▸ **PROVIDED INFORMATION**:
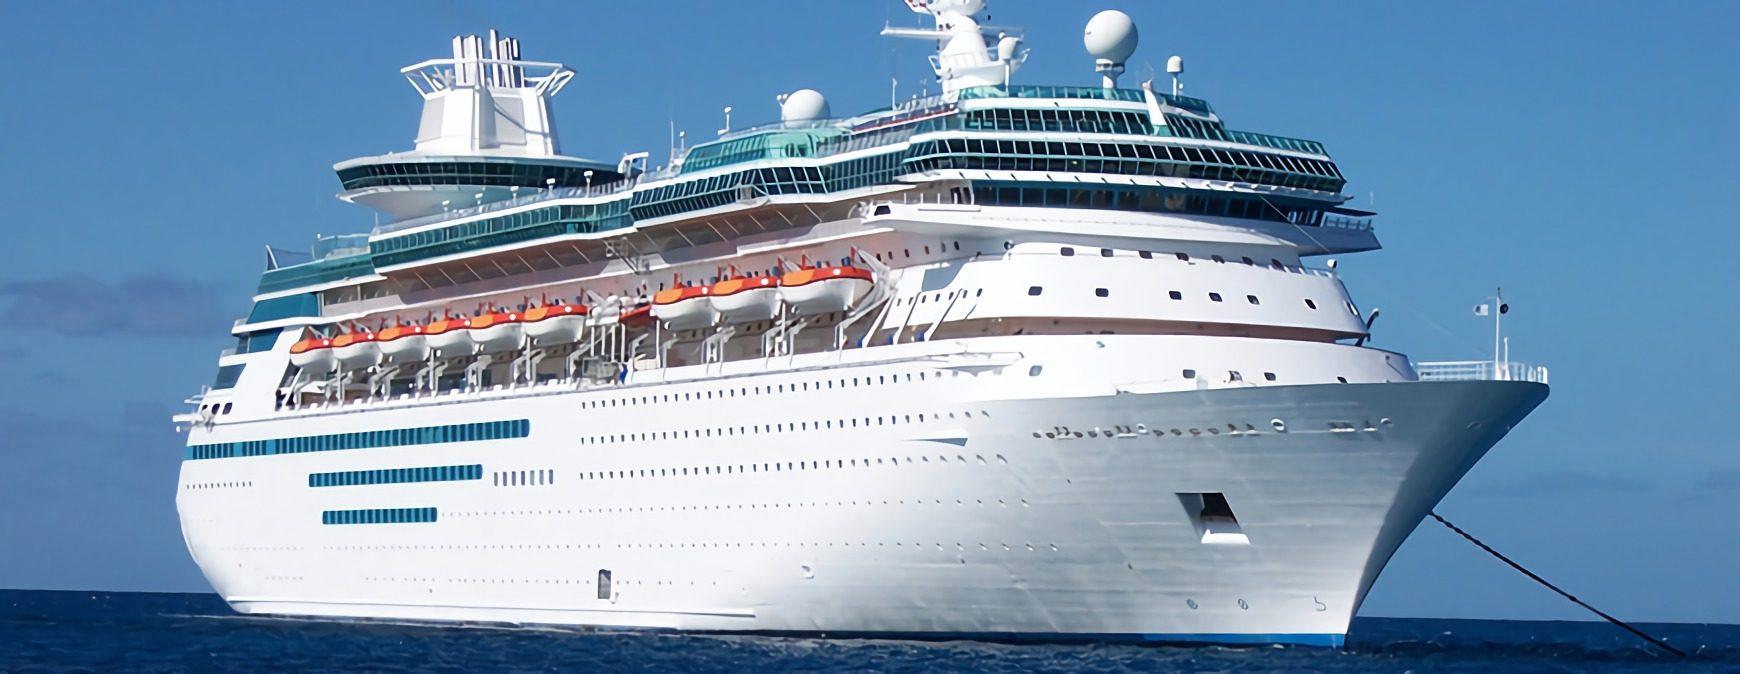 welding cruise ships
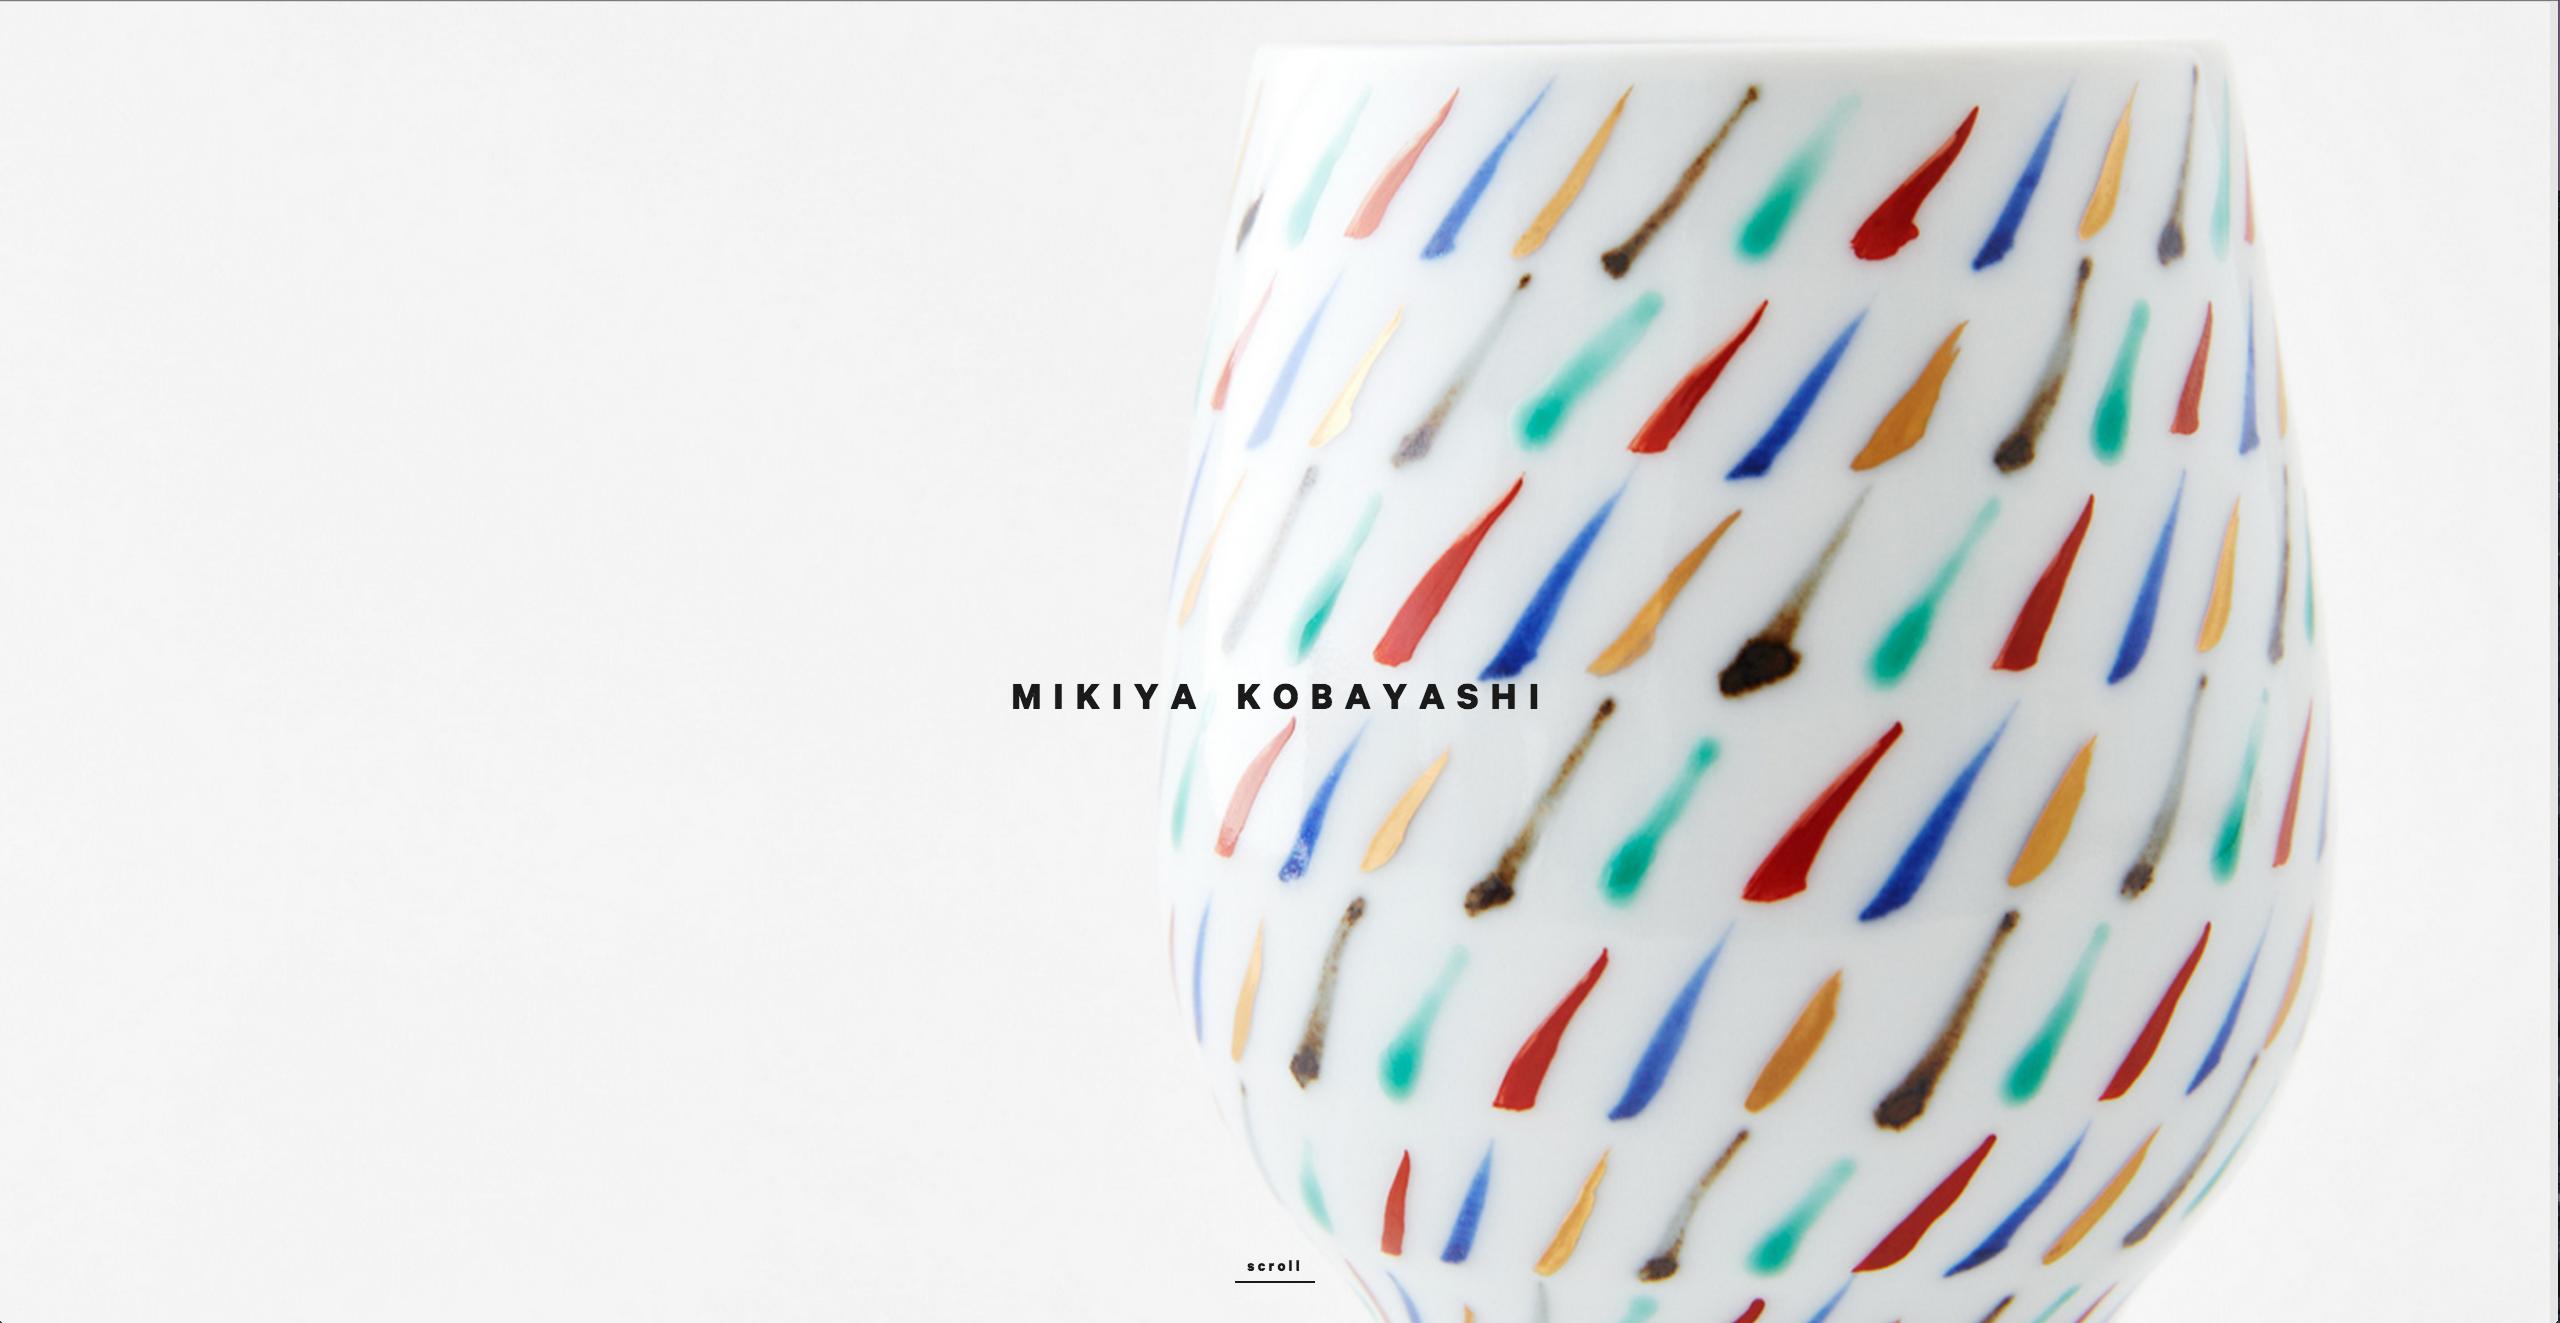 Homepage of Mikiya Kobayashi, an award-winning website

==

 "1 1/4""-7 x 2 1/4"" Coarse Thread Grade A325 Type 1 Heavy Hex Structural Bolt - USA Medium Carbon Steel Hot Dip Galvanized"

▸ **PROBLEM DETAILS**: Repeat exactly the lines above, beginning at the one containing "welding cruise ships" and ending at the one containing "Homepage of Mikiya". Do not carry over any pictures.

▸ **RESULT**:
 welding cruise ships
 Homepage of Mikiya Kobayashi, an award-winning website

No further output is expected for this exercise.